[EXERCISE]
Strip out the pictures and output each remaining line of the data word for word.
Start of AVAILABLE DATA
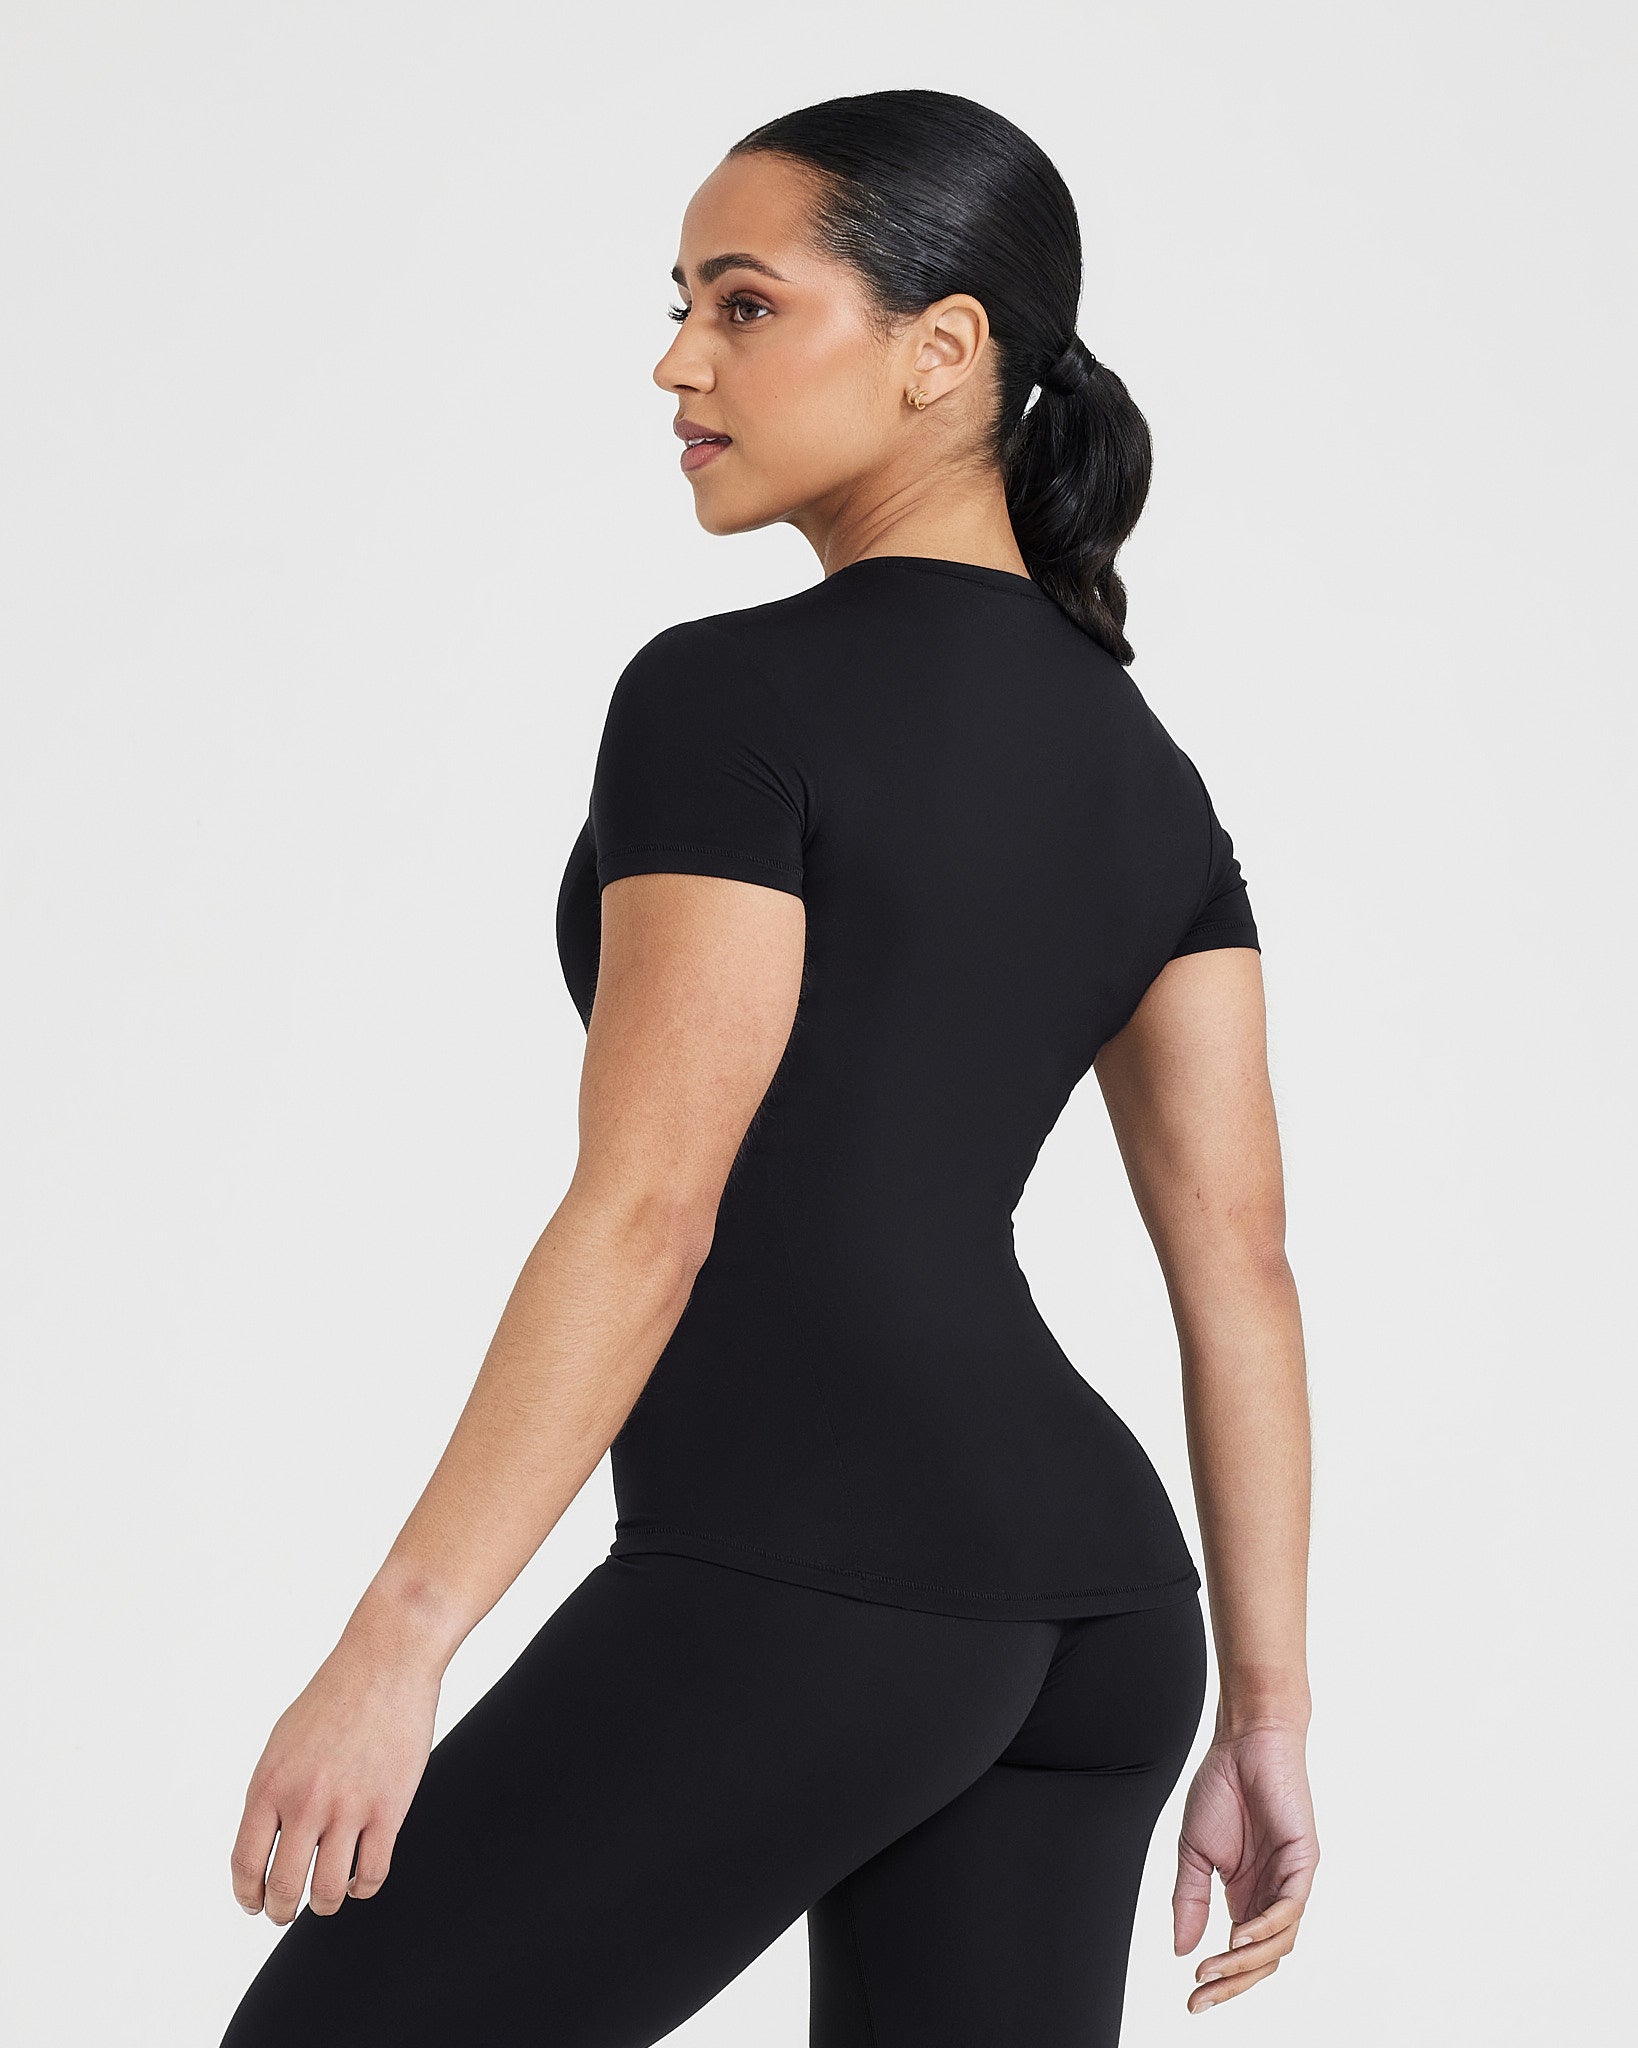 Black Shirt Women's Short Sleeve - Regular Length | Oner Active US
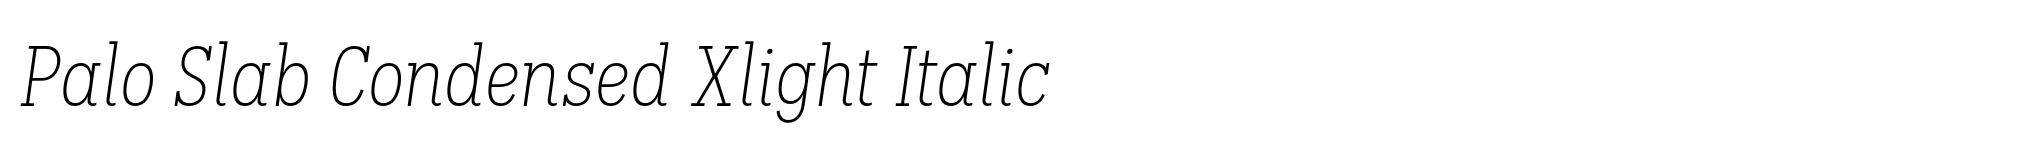 Palo Slab Condensed Xlight Italic image
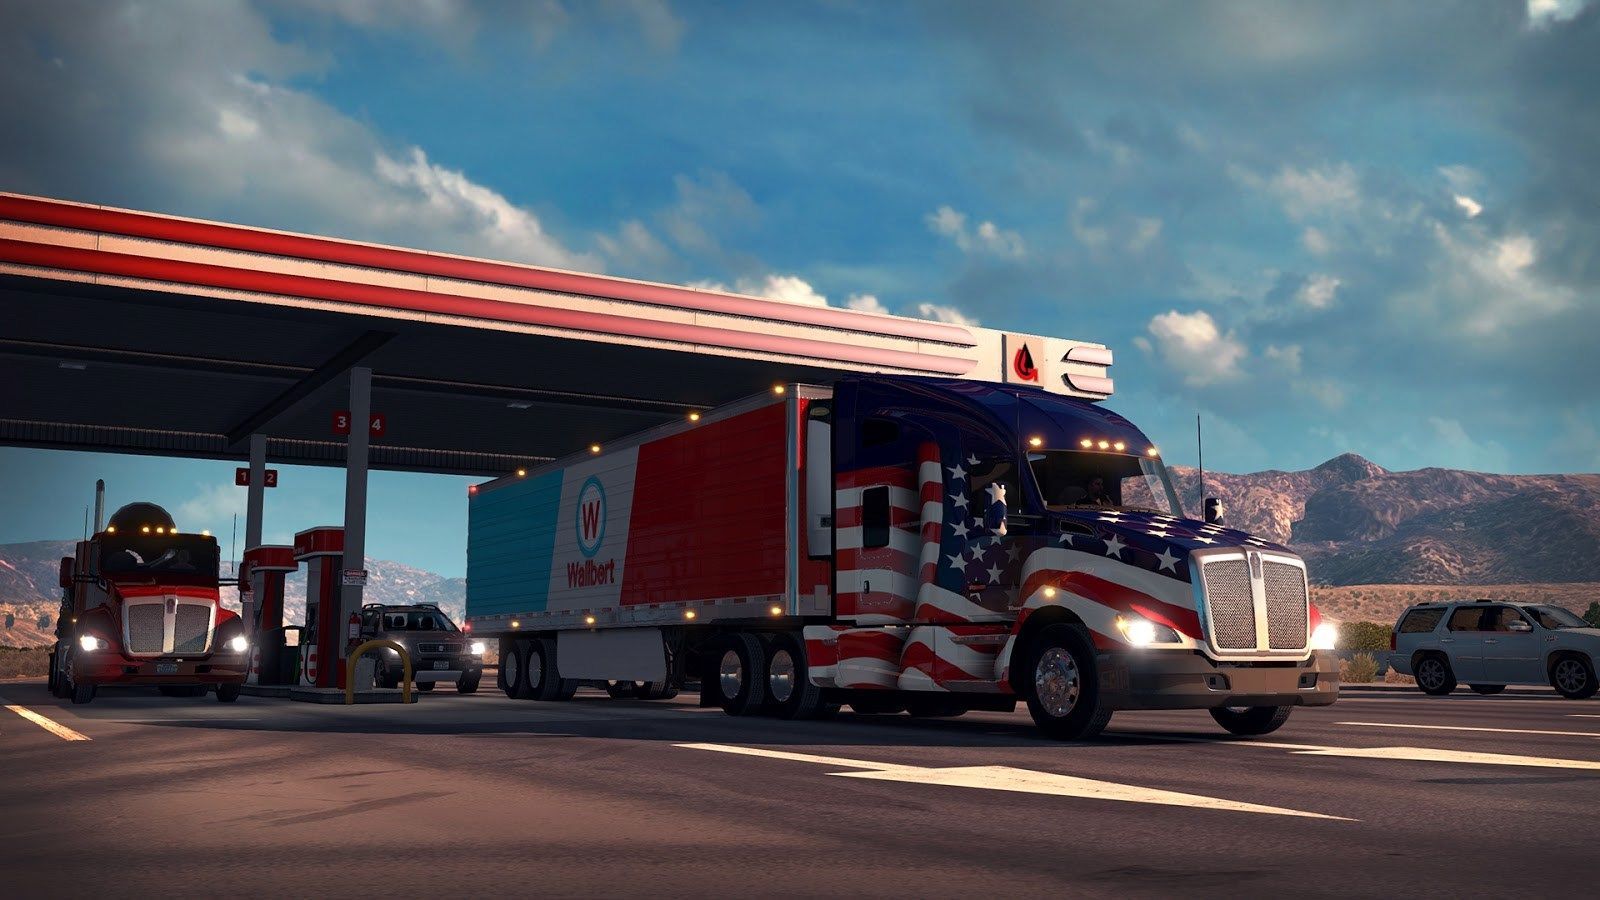 most beautiful american truck simulator wallpaper. American truck
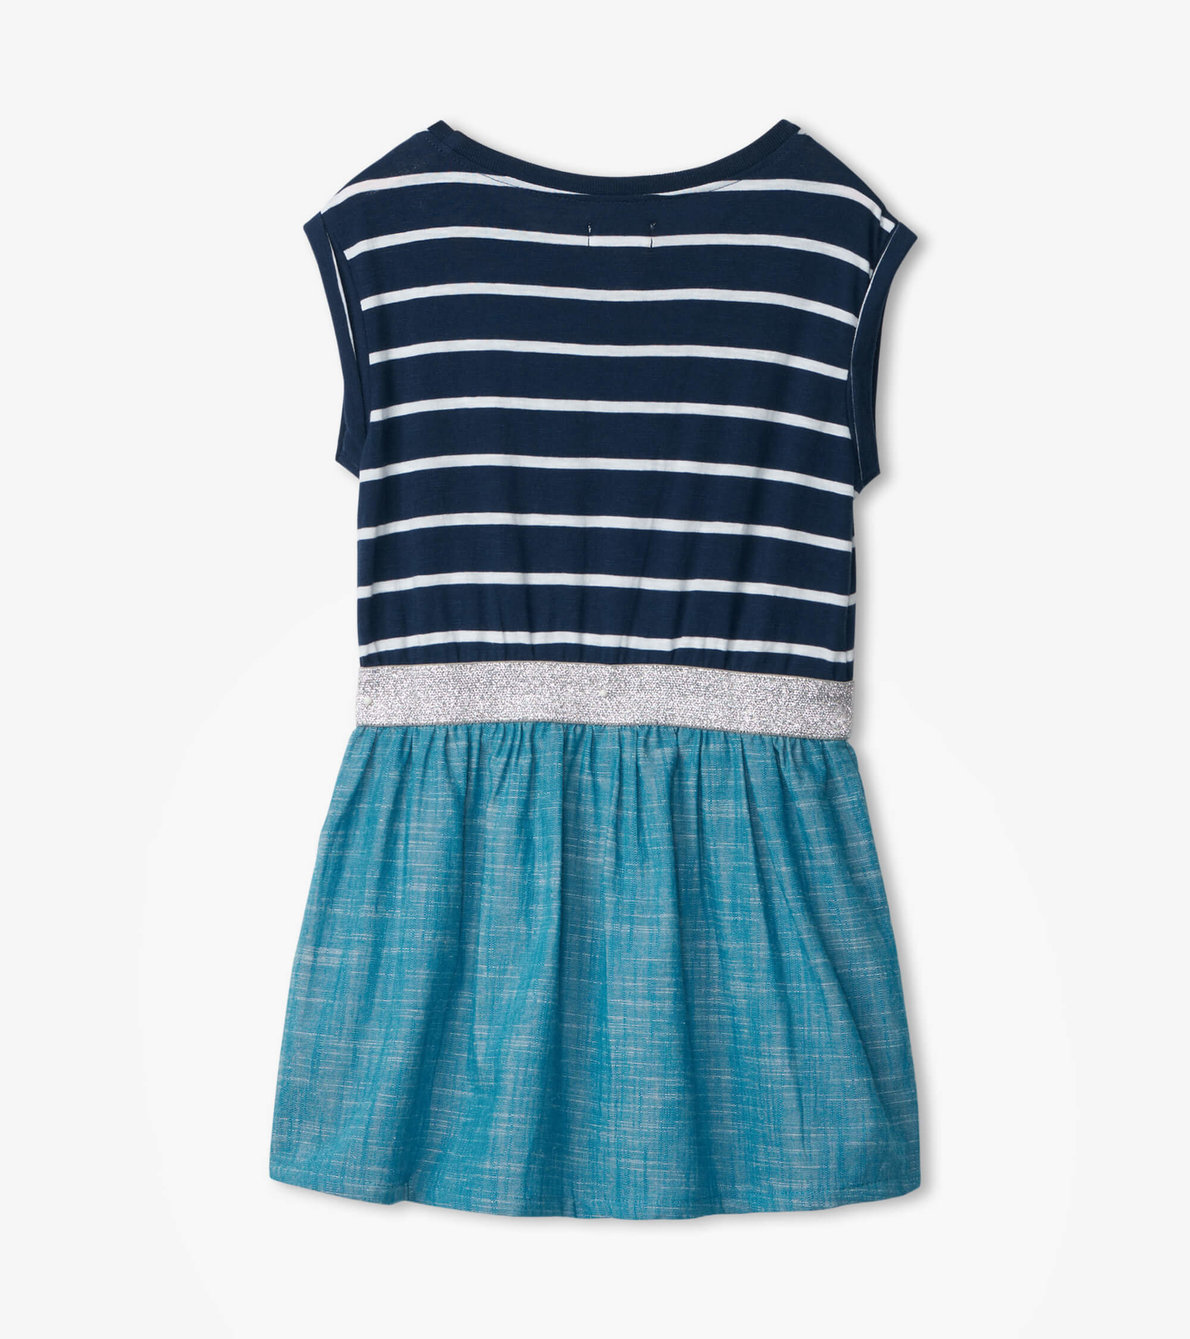 View larger image of Nautical Stripes Elastic Waist Dress
End of AVAILABLE DATA
[WRITTEN REPLY]
 Black Shirt Women's Short Sleeve - Regular Length | Oner Active US
 Palo Slab Condensed Xlight Italic image
 most beautiful american truck simulator wallpaper. American truck
 View larger image of Nautical Stripes Elastic Waist Dress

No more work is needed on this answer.